Ritz Anna, Shakhnarovich Gregory, Salomon Arthur R, Raphael Benjamin J
Department of Computer Science, Brown University, Toyota Technological Institute at Chicago, Chicago, IL, USA.
Bioinformatics. 2009 Jan 1;25(1):14-21. doi: 10.1093/bioinformatics/btn569. Epub 2008 Nov 7.
Modification of proteins via phosphorylation is a primary mechanism for signal transduction in cells. Phosphorylation sites on proteins are determined in part through particular patterns, or motifs, present in the amino acid sequence.
We describe an algorithm that simultaneously discovers multiple motifs in a set of peptides that were phosphorylated by several different kinases. Such sets of peptides are routinely produced in proteomics experiments.Our motif-finding algorithm uses the principle of minimum description length to determine a mixture of sequence motifs that distinguish a foreground set of phosphopeptides from a background set of unphosphorylated peptides. We show that our algorithm outperforms existing motif-finding algorithms on synthetic datasets consisting of mixtures of known phosphorylation sites. We also derive a motif specificity score that quantifies whether or not the phosphoproteins containing an instance of a motif have a significant number of known interactions. Application of our motif-finding algorithm to recently published human and mouse proteomic studies recovers several known phosphorylation motifs and reveals a number of novel motifs that are enriched for interactions with a particular kinase or phosphatase.

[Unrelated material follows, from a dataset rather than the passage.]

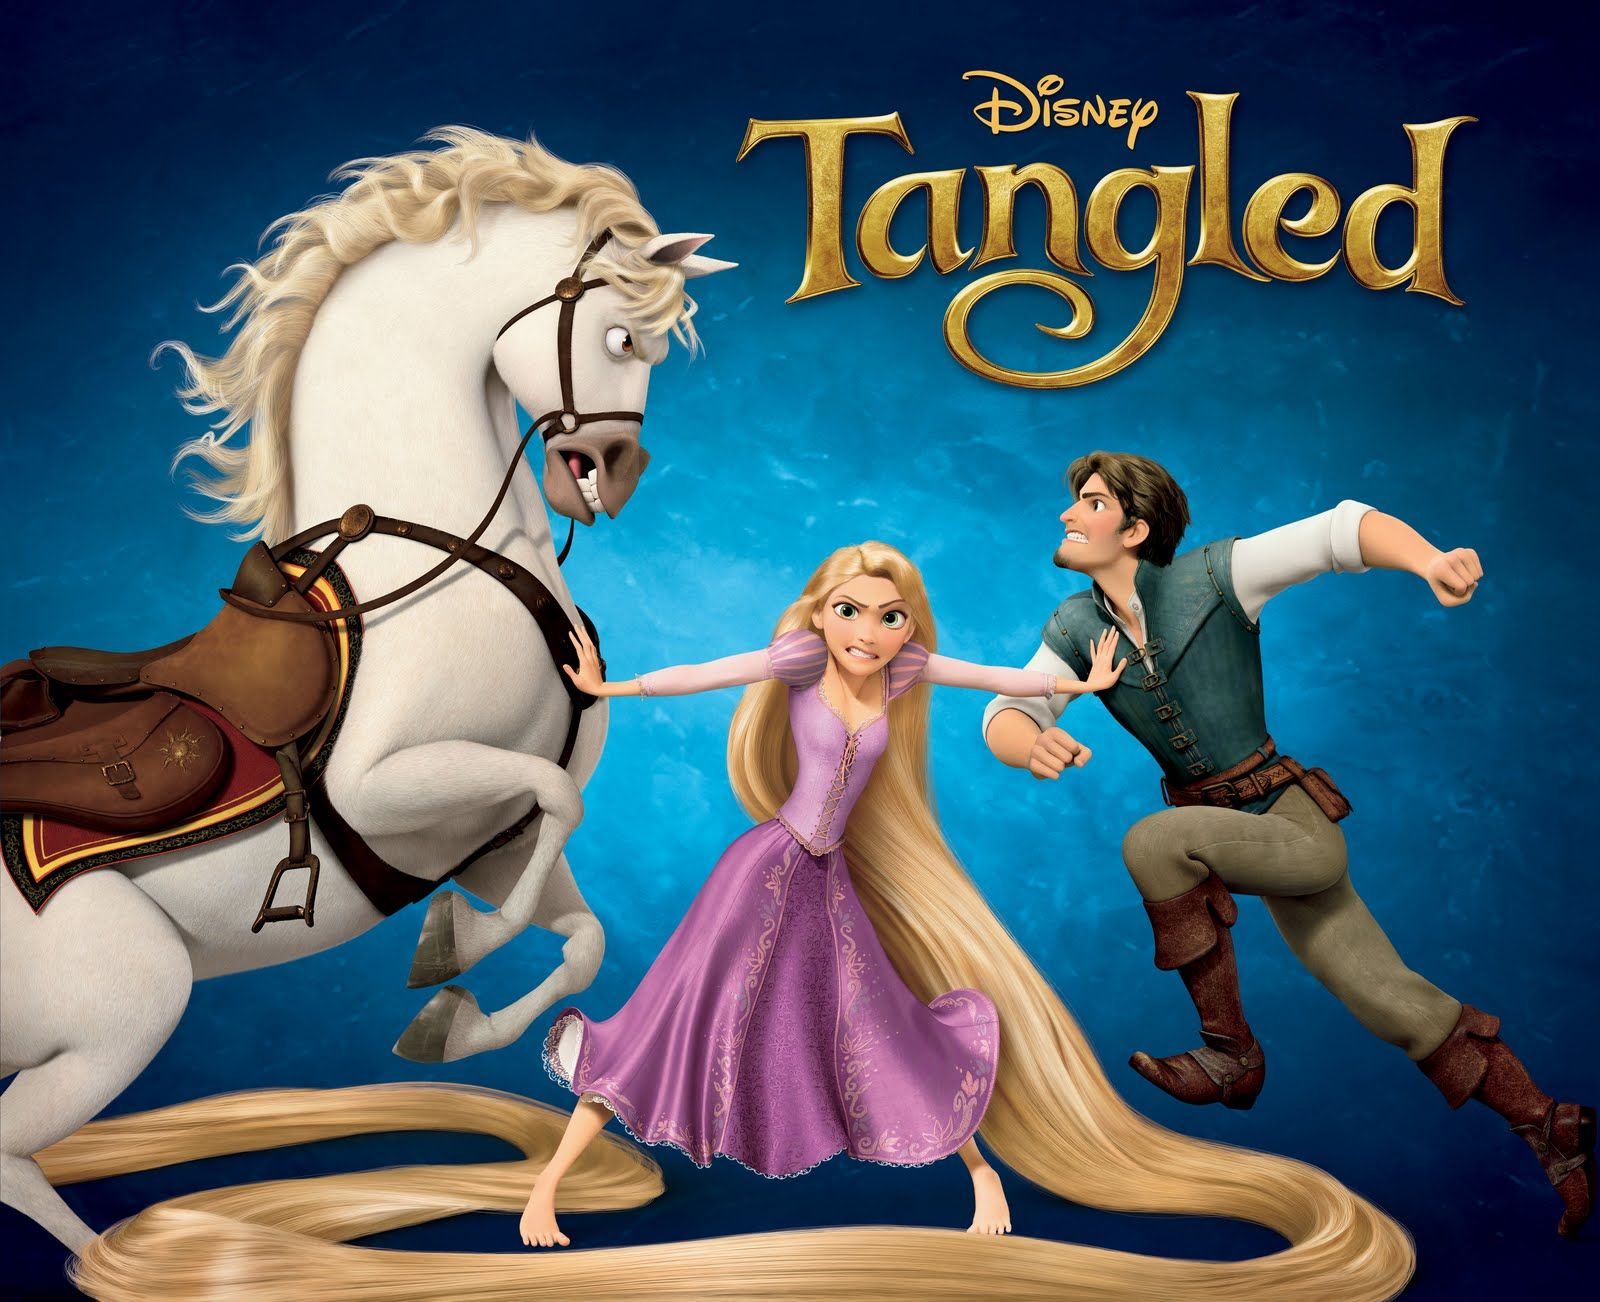 enredados-disney-rapunzel-tangled-maximus-flynn-rider.jpg (1600 ... for Tangled Wallpaper Rapunzel And Flynn  11lplpg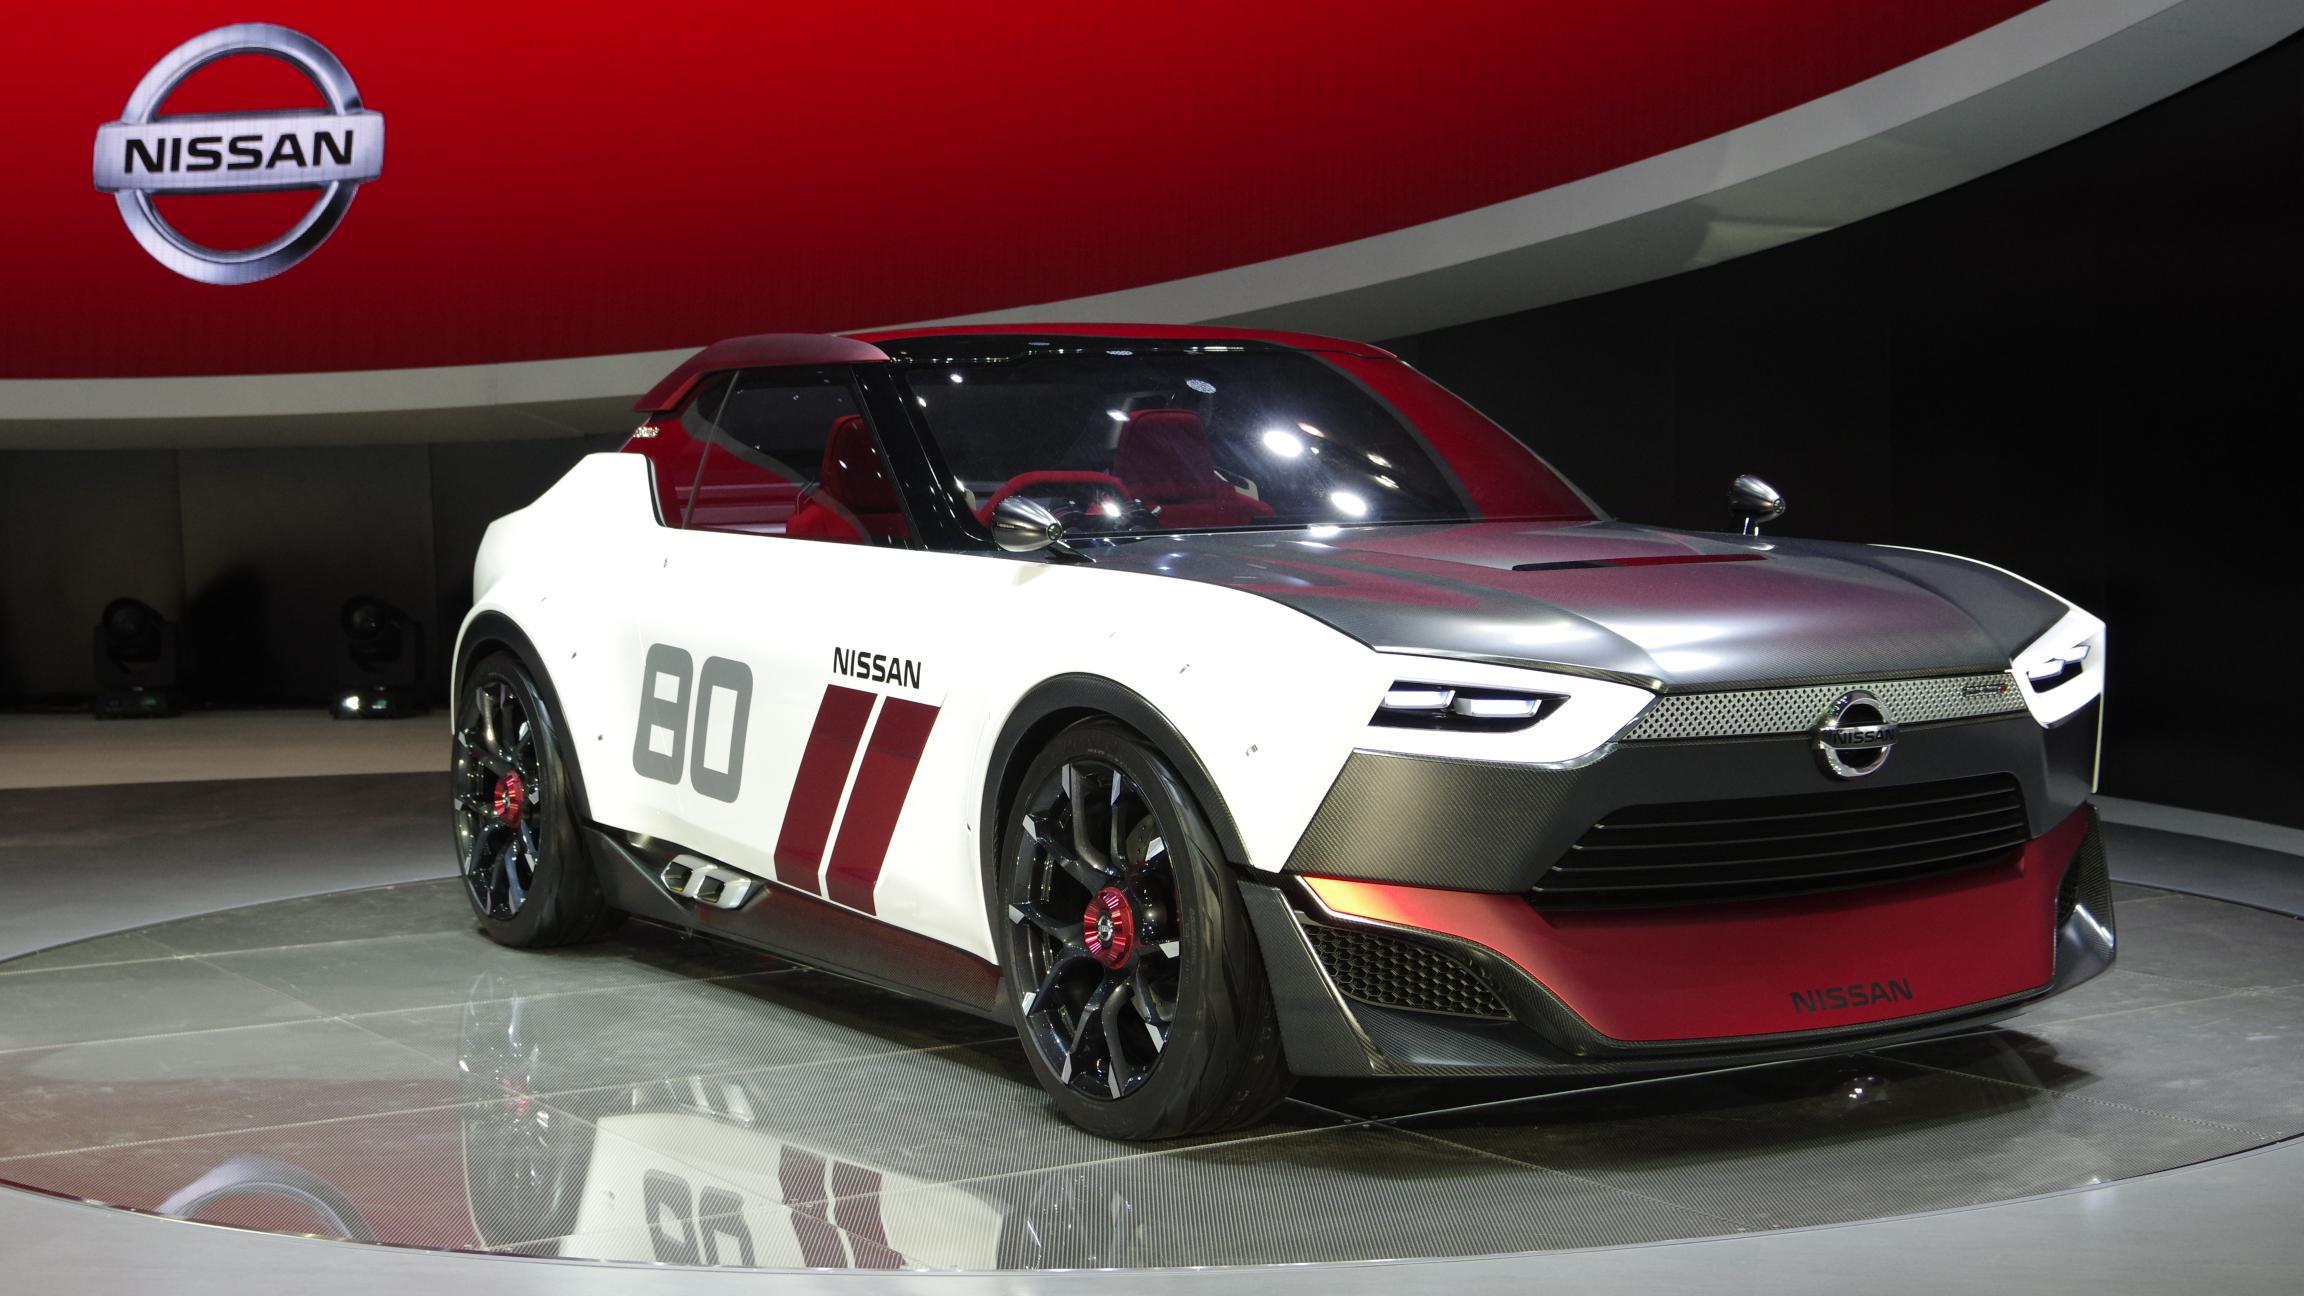 Z Car Blog 187 Post Topic 187 Nissan S New Datsun 510

Our tools provide a new approach for uncovering the sequence specificities of uncharacterized kinases or phosphatases.
通过磷酸化修饰蛋白质是细胞信号转导的主要机制。蛋白质上的磷酸化位点部分是通过氨基酸序列中存在的特定模式或基序来确定的。
我们描述了一种算法,该算法能在一组由几种不同激酶磷酸化的肽中同时发现多个基序。这样的肽组在蛋白质组学实验中经常产生。我们的基序发现算法使用最小描述长度原理来确定区分磷酸化肽前景集与未磷酸化肽背景集的序列基序混合物。我们表明,在由已知磷酸化位点混合物组成的合成数据集上,我们的算法优于现有的基序发现算法。我们还推导了一个基序特异性分数,用于量化包含基序实例的磷酸化蛋白质是否具有大量已知相互作用。将我们的基序发现算法应用于最近发表的人类和小鼠蛋白质组学研究,发现了几个已知的磷酸化基序,并揭示了许多与特定激酶或磷酸酶相互作用丰富的新基序。我们的工具为揭示未表征激酶或磷酸酶的序列特异性提供了一种新方法。